Naturally, the first attractive man she had seen in ages would find her in a car park, dressed as a rabbit. He had probably seen her pulling her keys out with her teeth and clunking the button with her chin as well, fully highlighting the quadruple chin thing that she blamed her father for. She wouldn’t be surprised to discover there was a huge neon arrow hovering somewhere above her head saying ‘Little bit odd. Best avoided.’
If she accepted right now that he wasn’t feeling the same immediate effect in her presence as she seemed to in his, she could take a look at his car, then flee back to the safety of the school, eggs and all, before she made more of a fool of herself.
‘Right, okay, what’s the problem?’ She used her most sensible voice, trying to be brusque and business like. ‘What have you noticed? It won’t start presumably?’
‘Yep, and I thought it might be the battery, but the lights all light up okay and the radio is on.’
‘Yeah, I saw you flash the lights. I’d gamble the battery is fine. It could be a couple of things. I can take a look if you’d like.’
‘Are you sure? Under the bonnet? Here?’
‘Yeah, I’ve got a couple of minutes before they send a search party. Hang on.’
Pippa wished she was a super siren that could unzip the top half of her rabbit costume and hold eye contact with the man in front of her as she did so, maybe waving her hair at the same time before turning around and fixing his car in three moves, dripping effortless glamour as she did so.

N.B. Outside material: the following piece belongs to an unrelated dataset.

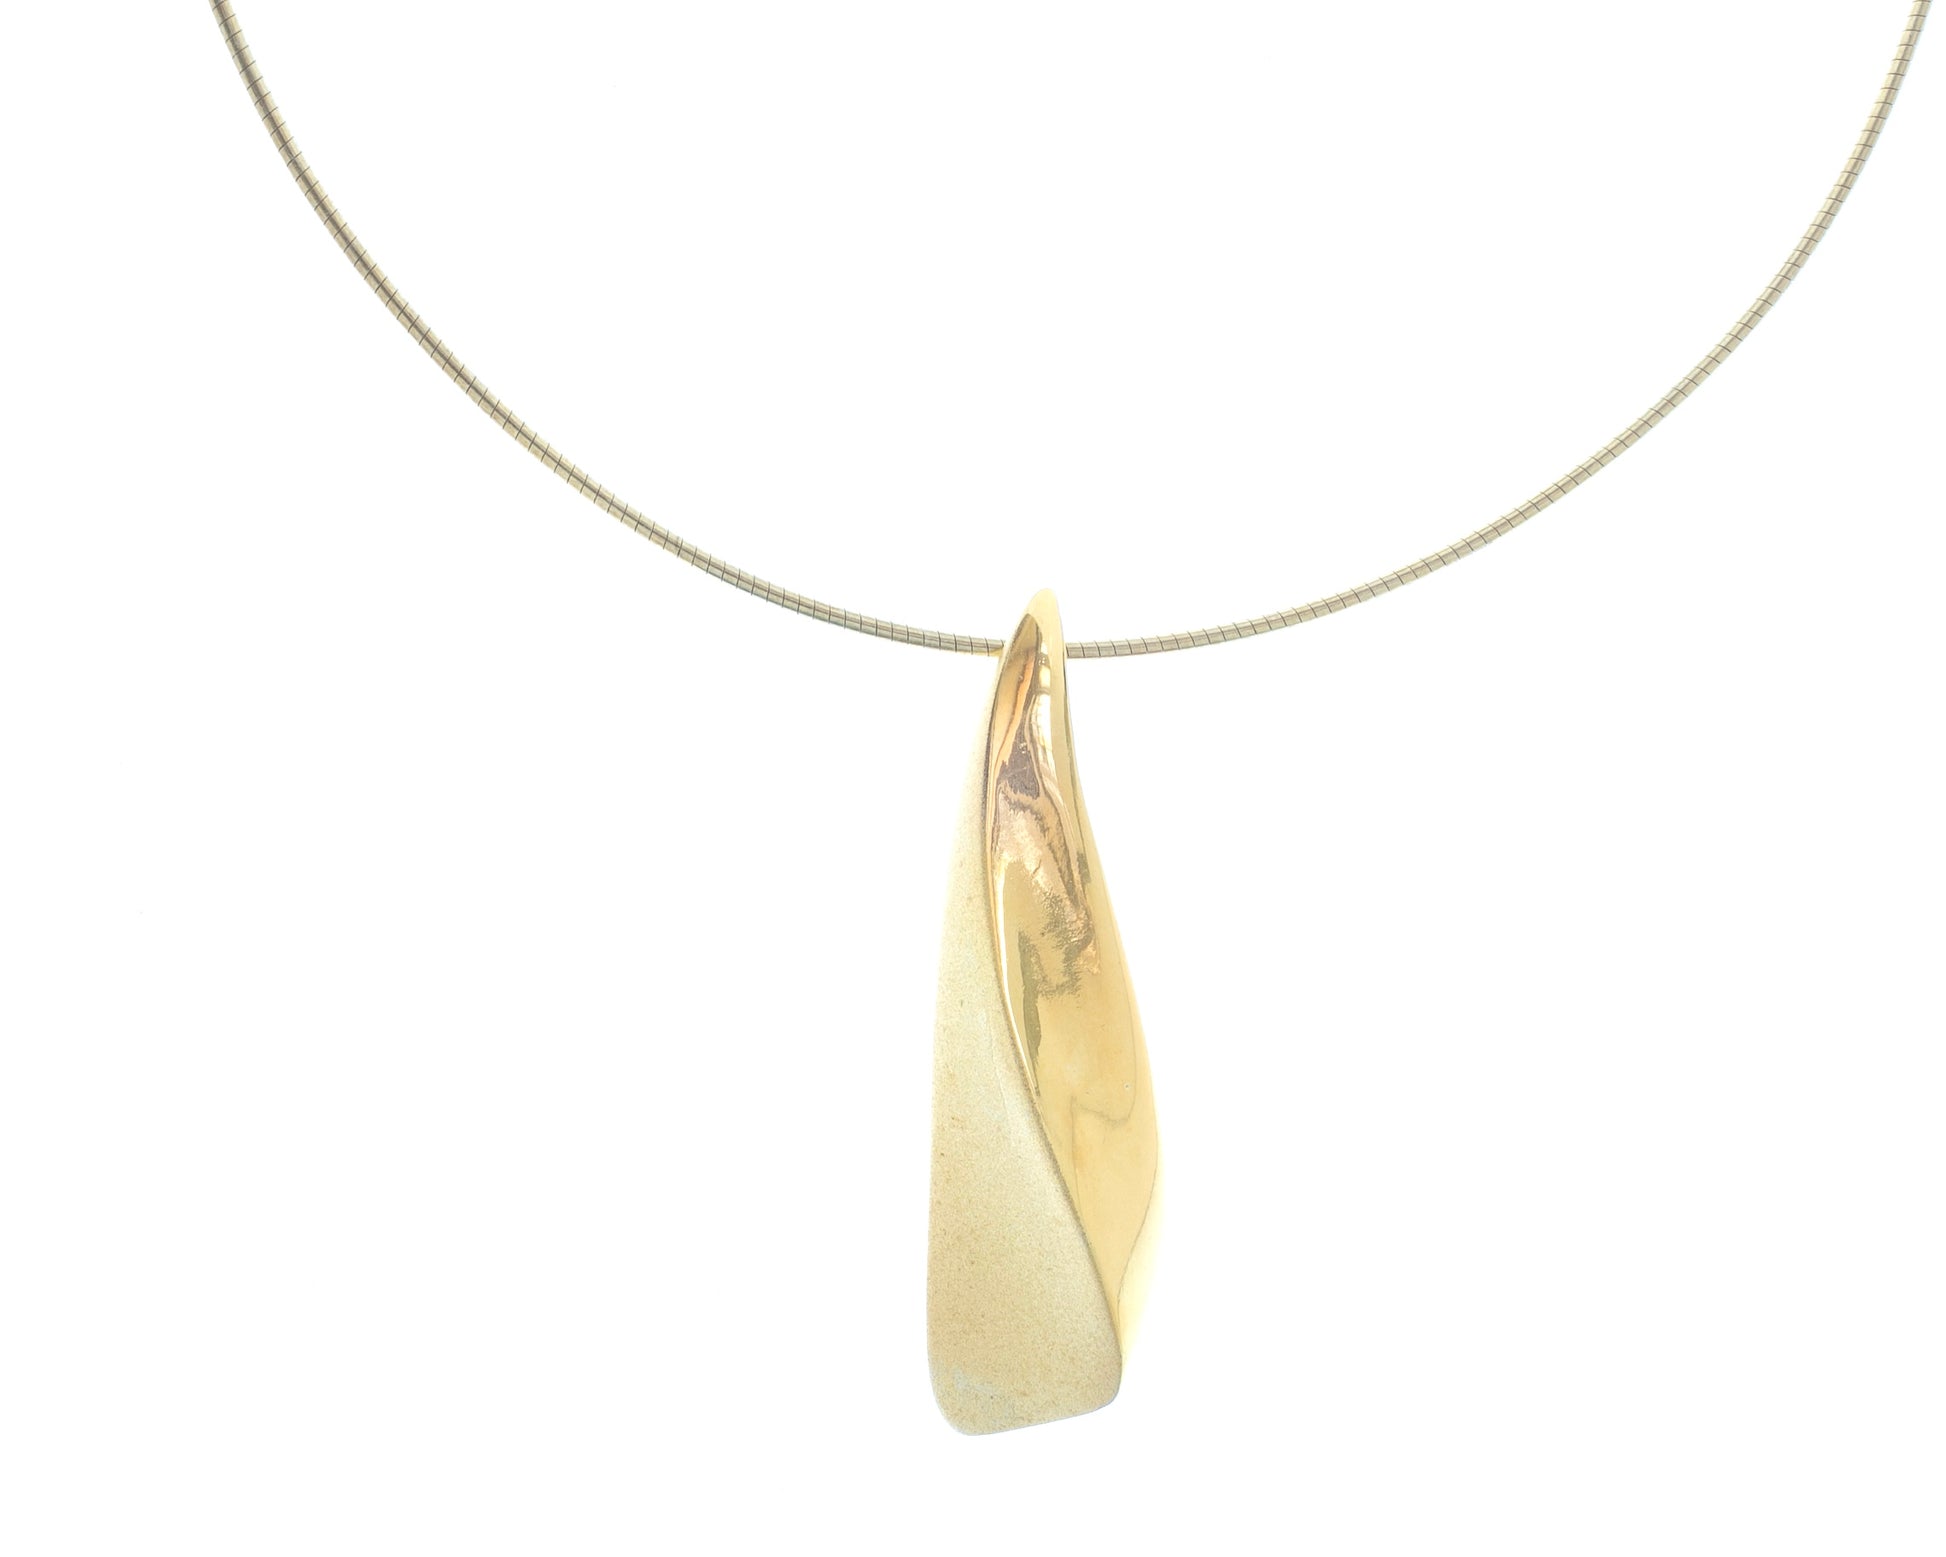 Wave shaped pendant on a 16 inch gold flexible chain.

But this was a school car park and, Pippa reminded herself as she shrugged the costume down and tied the sleeves around her waist, she was always going to be way more Bugs Bunny than she would ever be Jessica Rabbit.
Chapter Two
Kam’s head was spinning a little. His interview had gone really well; he liked the head here and you could pick up on the feel of a school as soon as you walked through the door and this one felt good. But then after the interview he had been jumped upon by a very thin woman who appeared to have henchwomen who stood behind her as she looked at him rapaciously whilst asking how he felt about the promoting of the school Christmas Fayre as a Winter Wonder celebration instead. It was the fourth of April.
And then when he had come into the car park he had seen a woman with the blondest bob singing as she skipped across the car park. Actually skipping, and armed with a wicker basket. Not only that, but she was dressed in some kind of furry costume from the neck down.

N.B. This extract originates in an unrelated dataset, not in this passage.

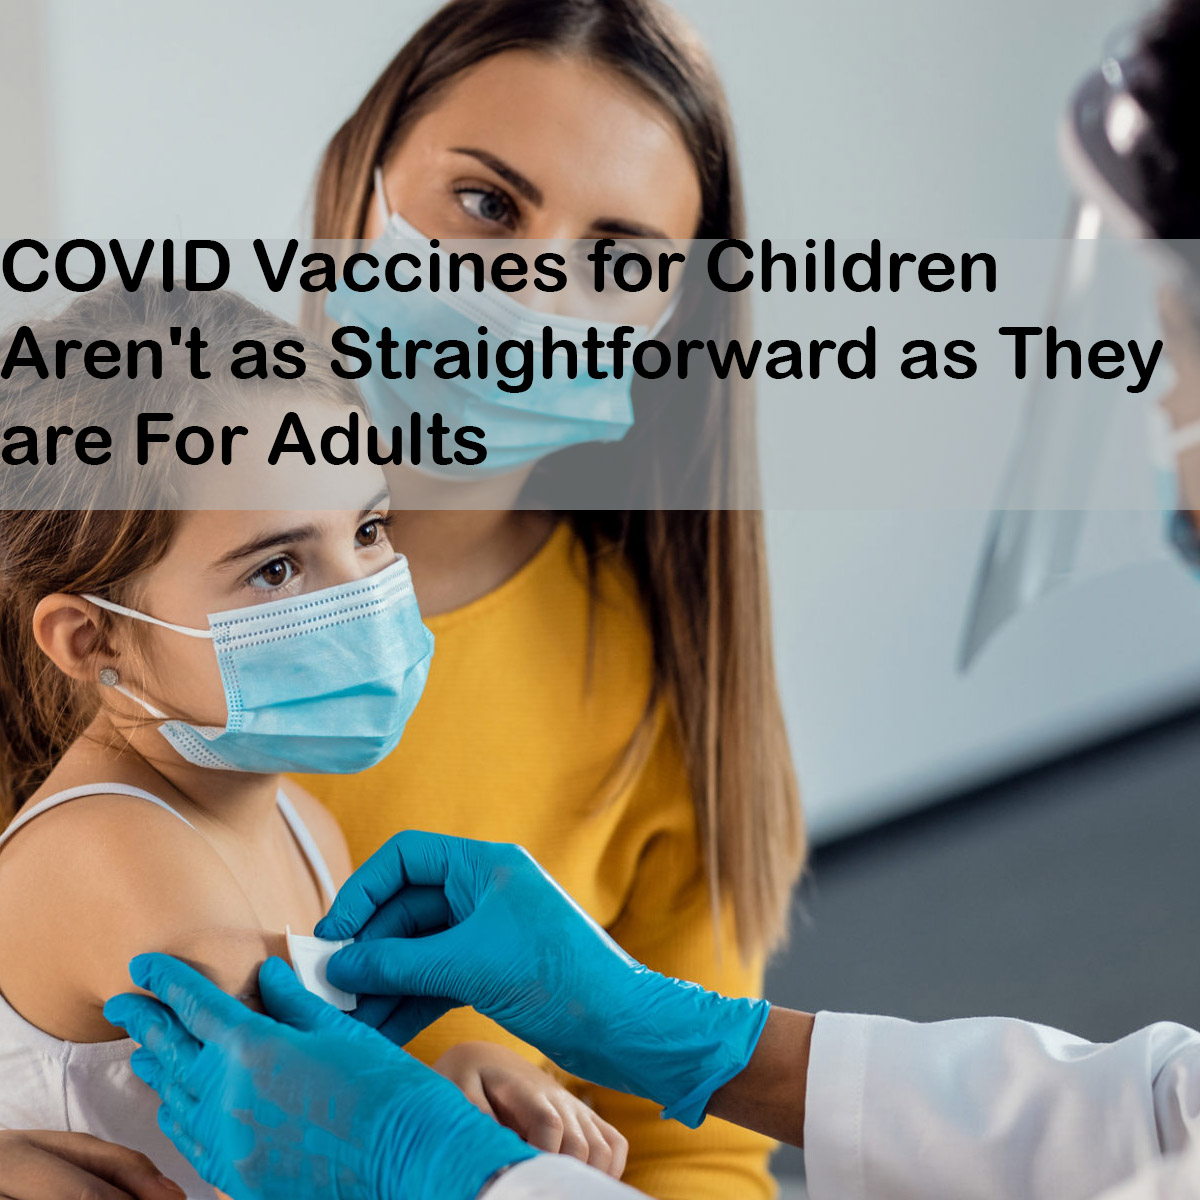 COVID Vaccines for Children Aren't as Straightforward as They are For Adults

He couldn’t tell whether he really wanted this job or should run a mile.
And now, his car being a bugger and refusing to start meant that the Easter Bunny was standing in front of him, bright red slash of lipstick forming itself into that weird shape that mechanics make with their mouths before shaking their heads while examining your car.
Next, said woman had unzipped the front of the bunny costume, pulled her arms out of the sleeves, and was rolling the top of her costume down and tying the sleeves around her waist, as if they were overalls and she was utterly used to this. Out of costume it was revealed that she wore a deep green blouse with a ginormous bow tied at the side. It was unusual and at the same time it seemed utterly fitting with the woman in front of him, her platinum bob and red lips, making her look like she had just walked straight off a film set during the golden age of Hollywood. And not at all like she worked with small children in the twenty-first century in Cornwall. Or like she was blessed with innate mechanical knowledge.